Credit: Vasileios P. Kemerlis, Michalis Polychronakis, and Angelos D. Keromytis
ret2dir is a new kernel exploitation technique that uncovered how fundamental OS design practices and implementation decisions can significantly weaken the effectiveness of state-of-the-art kernel protection mechanisms.
Return-to-user (ret2usr) attacks are the de-facto kernel exploitation technique in commodity OSes. In a ret2usr attack, kernel code or data pointers are overwritten with user-space addresses after exploiting certain memory corruption vulnerabilities in kernel code. This allows attackers to execute shellcode with kernel rights by hijacking a privileged control path and redirecting it to user space memory, easily circumventing protections like kernel ASLR and NX. In essence, ret2usr attacks take advantage of the weak separation of the kernel context from user space (i.e., kernel code and data are inaccessible from code running in user mode, but the kernel has complete and unrestricted access to the whole address space, including user code and data), as for performance reasons the kernel is typically mapped into the address space of every running process. In response to such attacks, several kernel-hardening approaches have been proposed to enforce a more strict address space separation, by preventing arbitrary control flow transfers and data accesses from kernel to user space. Intel and ARM recently introduced hardware support for this purpose in the form of the SMEP, SMAP, and PXN processor features.

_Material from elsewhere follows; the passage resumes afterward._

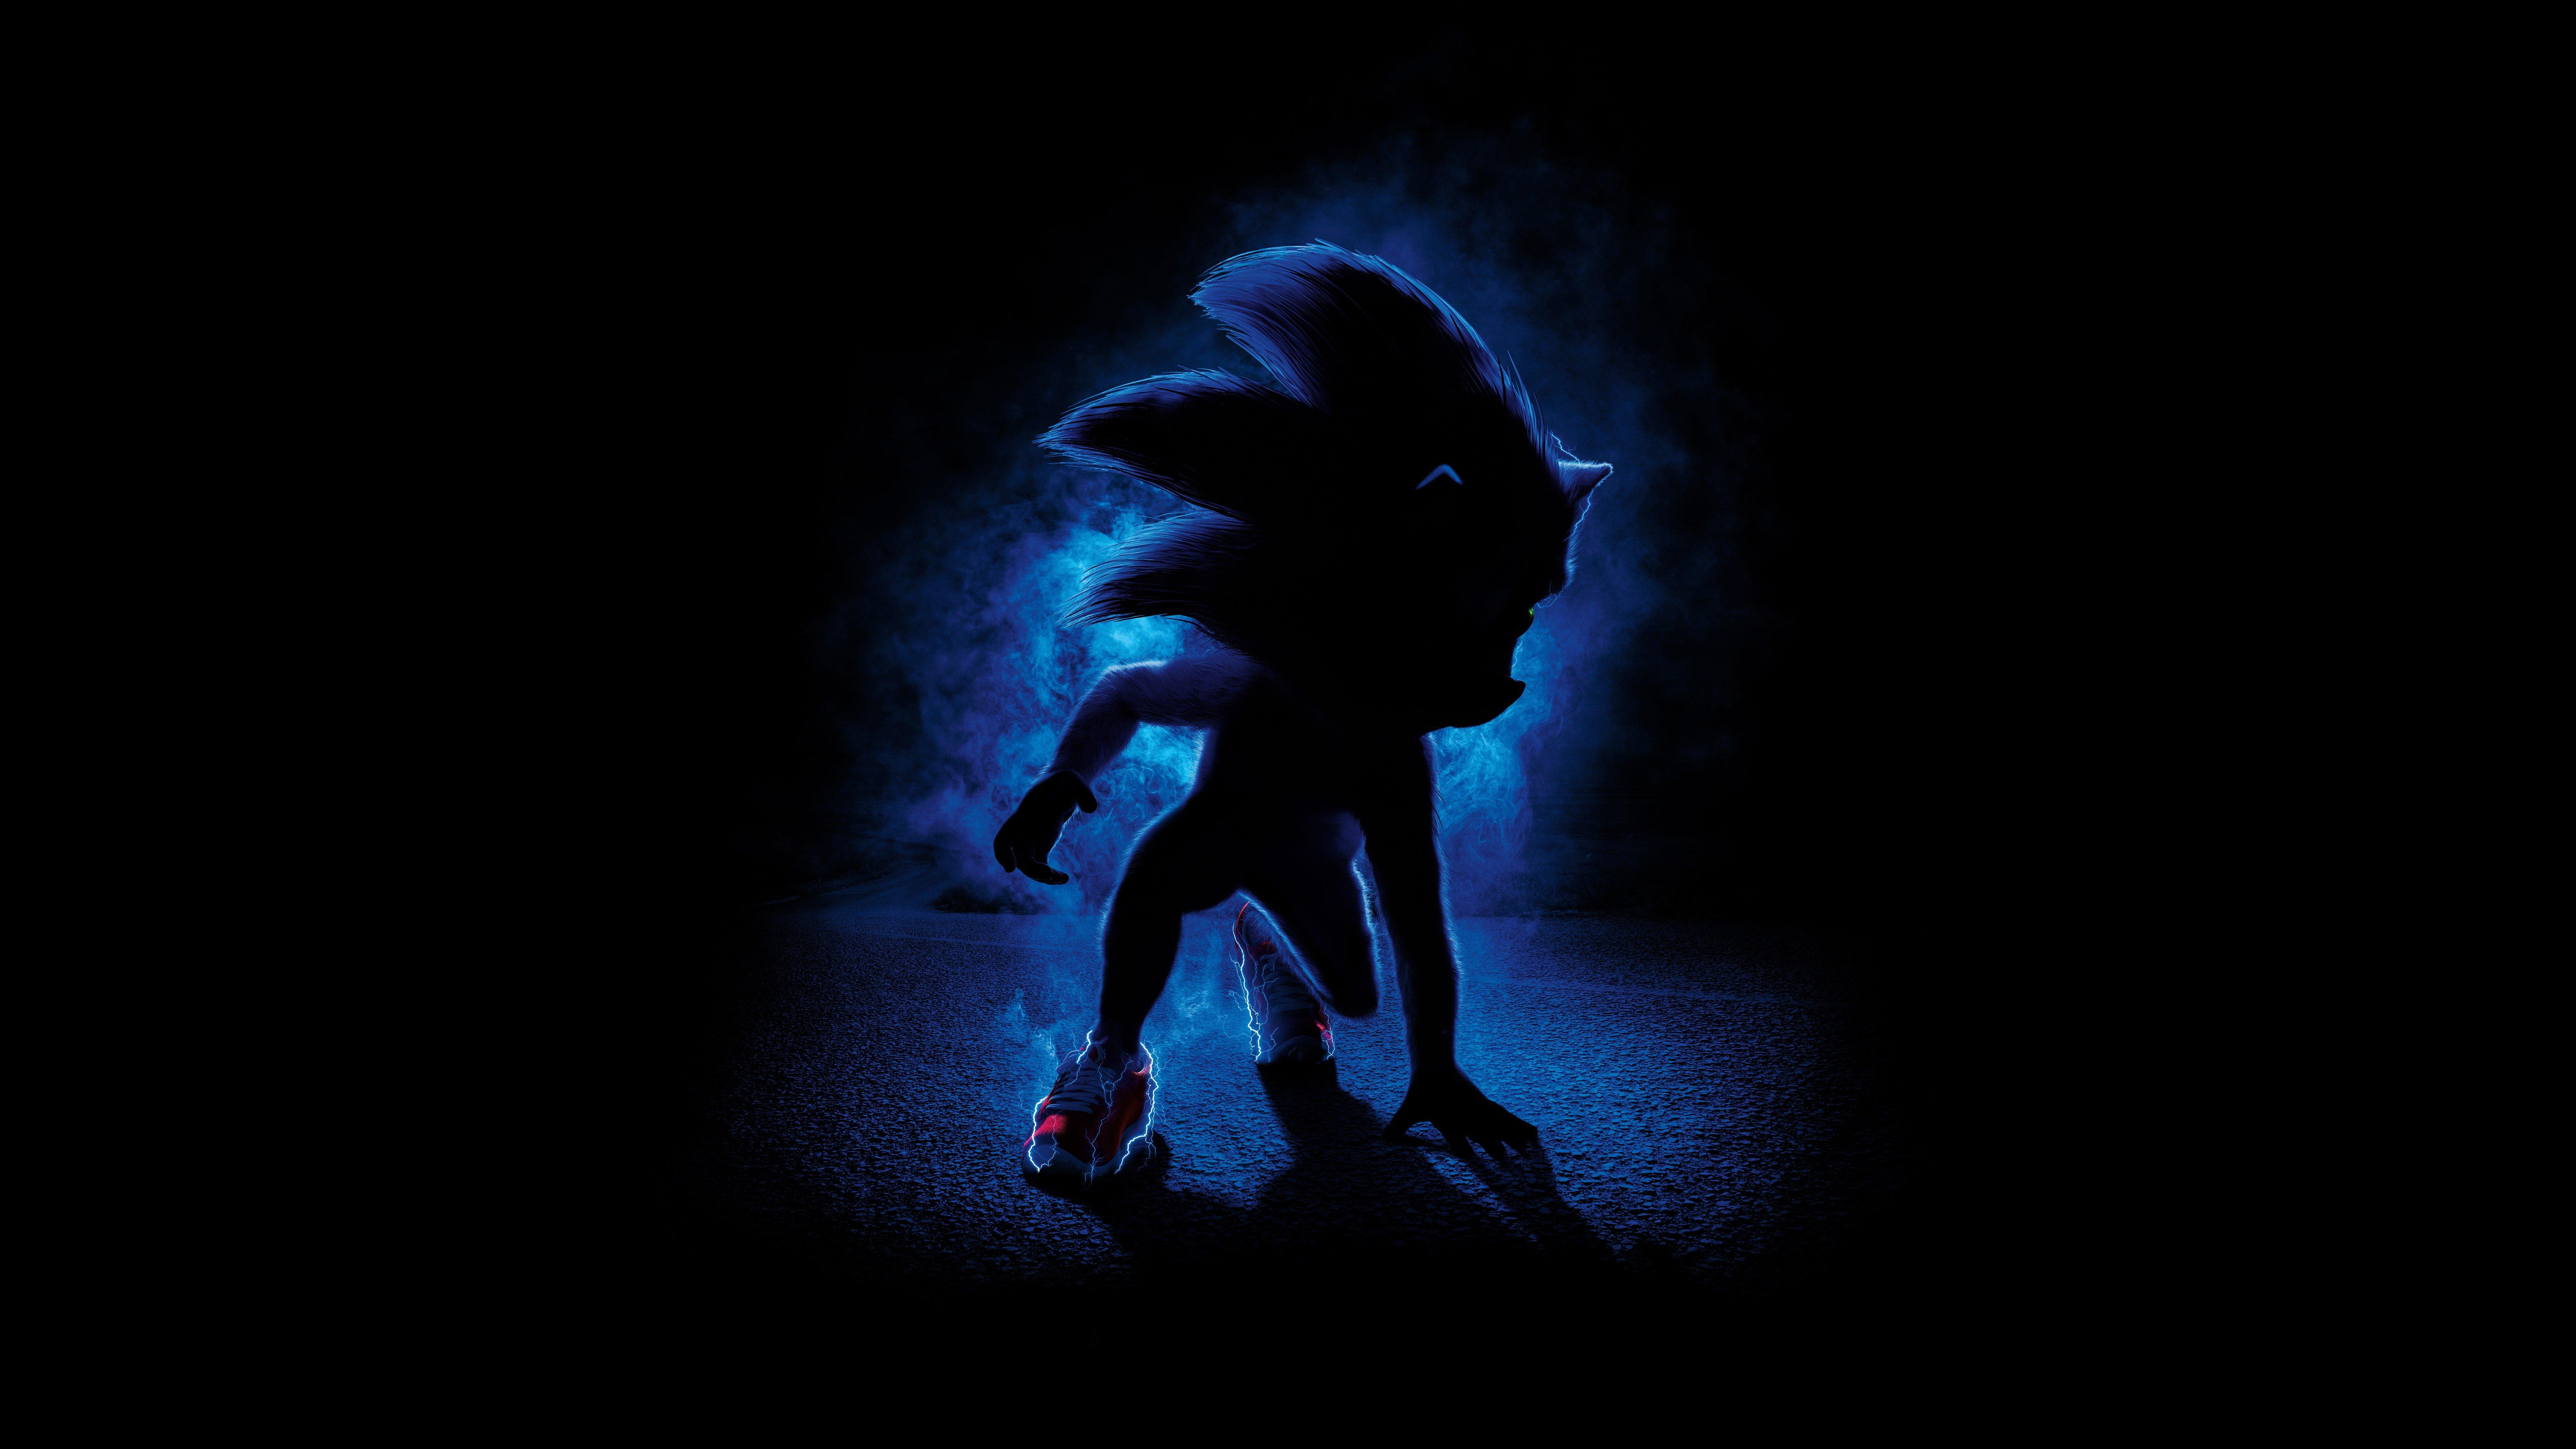 Wallpaper Sonic the Hedgehog Movie

In their work, Kemerlis et al. showed that although mechanisms like the above prevent the explicit sharing of the virtual address space among user processes and the kernel, conditions of implicit sharing still exist due to fundamental OS design choices that trade stronger isolation for performance. They demonstrated how implicit data sharing can be leveraged for the complete circumvention of software and hardware kernel isolation protections, by introducing a new kernel exploitation technique, dubbed return-to-direct-mapped memory (ret2dir). ret2dir bypasses existing ret2usr protections, such as PaX’s KERNEXEC and UDEREF, Intel’s SMEP and SMAP, as well as ARM’s PXN, by taking advantage of the kernel’s direct-mapped physical memory region. They also presented techniques for constructing ret2dir exploits against x86, x86-64, AArch32, and AArch64 Linux targets that bypass all tested protection mechanisms (KERNEXEC, UDEREF, SMEP, SMAP, and PXN). Finally, to mitigate ret2dir attacks, they also discussed the design and implementation of an eXclusive Page Frame Ownership (XPFO) scheme for the Linux kernel that prevents the implicit sharing of physical memory pages.